Work instructions: Retype the records in full, keeping each character as it is.
◇ ◇ ◇ ◇ ◇
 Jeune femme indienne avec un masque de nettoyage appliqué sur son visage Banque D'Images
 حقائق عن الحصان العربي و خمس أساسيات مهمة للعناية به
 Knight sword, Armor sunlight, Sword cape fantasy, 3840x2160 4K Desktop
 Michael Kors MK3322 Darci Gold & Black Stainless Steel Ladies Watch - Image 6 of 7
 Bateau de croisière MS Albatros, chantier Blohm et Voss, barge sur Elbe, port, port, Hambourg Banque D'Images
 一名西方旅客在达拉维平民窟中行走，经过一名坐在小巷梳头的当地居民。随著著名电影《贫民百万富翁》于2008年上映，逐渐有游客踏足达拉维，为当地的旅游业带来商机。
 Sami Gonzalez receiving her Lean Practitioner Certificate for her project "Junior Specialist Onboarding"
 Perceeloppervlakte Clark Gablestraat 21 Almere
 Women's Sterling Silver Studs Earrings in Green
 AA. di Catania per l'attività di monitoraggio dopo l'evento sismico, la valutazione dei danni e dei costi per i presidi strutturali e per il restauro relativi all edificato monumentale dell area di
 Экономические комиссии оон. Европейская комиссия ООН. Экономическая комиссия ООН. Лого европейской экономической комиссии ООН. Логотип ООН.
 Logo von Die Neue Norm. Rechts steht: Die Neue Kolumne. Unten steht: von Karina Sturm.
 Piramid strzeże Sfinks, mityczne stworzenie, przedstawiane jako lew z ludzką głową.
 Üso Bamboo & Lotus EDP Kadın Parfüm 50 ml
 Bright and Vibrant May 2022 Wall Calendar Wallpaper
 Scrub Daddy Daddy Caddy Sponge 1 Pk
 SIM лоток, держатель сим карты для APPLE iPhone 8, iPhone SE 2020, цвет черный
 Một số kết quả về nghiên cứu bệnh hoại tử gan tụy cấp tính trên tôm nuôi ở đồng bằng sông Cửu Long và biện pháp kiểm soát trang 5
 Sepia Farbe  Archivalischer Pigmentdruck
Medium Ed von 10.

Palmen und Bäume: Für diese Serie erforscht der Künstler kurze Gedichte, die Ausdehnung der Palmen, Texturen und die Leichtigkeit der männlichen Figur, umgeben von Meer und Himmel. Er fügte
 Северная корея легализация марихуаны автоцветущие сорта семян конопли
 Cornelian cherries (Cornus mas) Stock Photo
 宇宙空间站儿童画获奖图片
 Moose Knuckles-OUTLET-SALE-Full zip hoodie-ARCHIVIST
◇ ◇ ◇ ◇ ◇
Output of the task:
 Jeune femme indienne avec un masque de nettoyage appliqué sur son visage Banque D'Images
 حقائق عن الحصان العربي و خمس أساسيات مهمة للعناية به
 Knight sword, Armor sunlight, Sword cape fantasy, 3840x2160 4K Desktop
 Michael Kors MK3322 Darci Gold & Black Stainless Steel Ladies Watch - Image 6 of 7
 Bateau de croisière MS Albatros, chantier Blohm et Voss, barge sur Elbe, port, port, Hambourg Banque D'Images
 一名西方旅客在达拉维平民窟中行走，经过一名坐在小巷梳头的当地居民。随著著名电影《贫民百万富翁》于2008年上映，逐渐有游客踏足达拉维，为当地的旅游业带来商机。
 Sami Gonzalez receiving her Lean Practitioner Certificate for her project "Junior Specialist Onboarding"
 Perceeloppervlakte Clark Gablestraat 21 Almere
 Women's Sterling Silver Studs Earrings in Green
 AA. di Catania per l'attività di monitoraggio dopo l'evento sismico, la valutazione dei danni e dei costi per i presidi strutturali e per il restauro relativi all edificato monumentale dell area di
 Экономические комиссии оон. Европейская комиссия ООН. Экономическая комиссия ООН. Лого европейской экономической комиссии ООН. Логотип ООН.
 Logo von Die Neue Norm. Rechts steht: Die Neue Kolumne. Unten steht: von Karina Sturm.
 Piramid strzeże Sfinks, mityczne stworzenie, przedstawiane jako lew z ludzką głową.
 Üso Bamboo & Lotus EDP Kadın Parfüm 50 ml
 Bright and Vibrant May 2022 Wall Calendar Wallpaper
 Scrub Daddy Daddy Caddy Sponge 1 Pk
 SIM лоток, держатель сим карты для APPLE iPhone 8, iPhone SE 2020, цвет черный
 Một số kết quả về nghiên cứu bệnh hoại tử gan tụy cấp tính trên tôm nuôi ở đồng bằng sông Cửu Long và biện pháp kiểm soát trang 5
 Sepia Farbe  Archivalischer Pigmentdruck
Medium Ed von 10.

Palmen und Bäume: Für diese Serie erforscht der Künstler kurze Gedichte, die Ausdehnung der Palmen, Texturen und die Leichtigkeit der männlichen Figur, umgeben von Meer und Himmel. Er fügte
 Северная корея легализация марихуаны автоцветущие сорта семян конопли
 Cornelian cherries (Cornus mas) Stock Photo
 宇宙空间站儿童画获奖图片
 Moose Knuckles-OUTLET-SALE-Full zip hoodie-ARCHIVIST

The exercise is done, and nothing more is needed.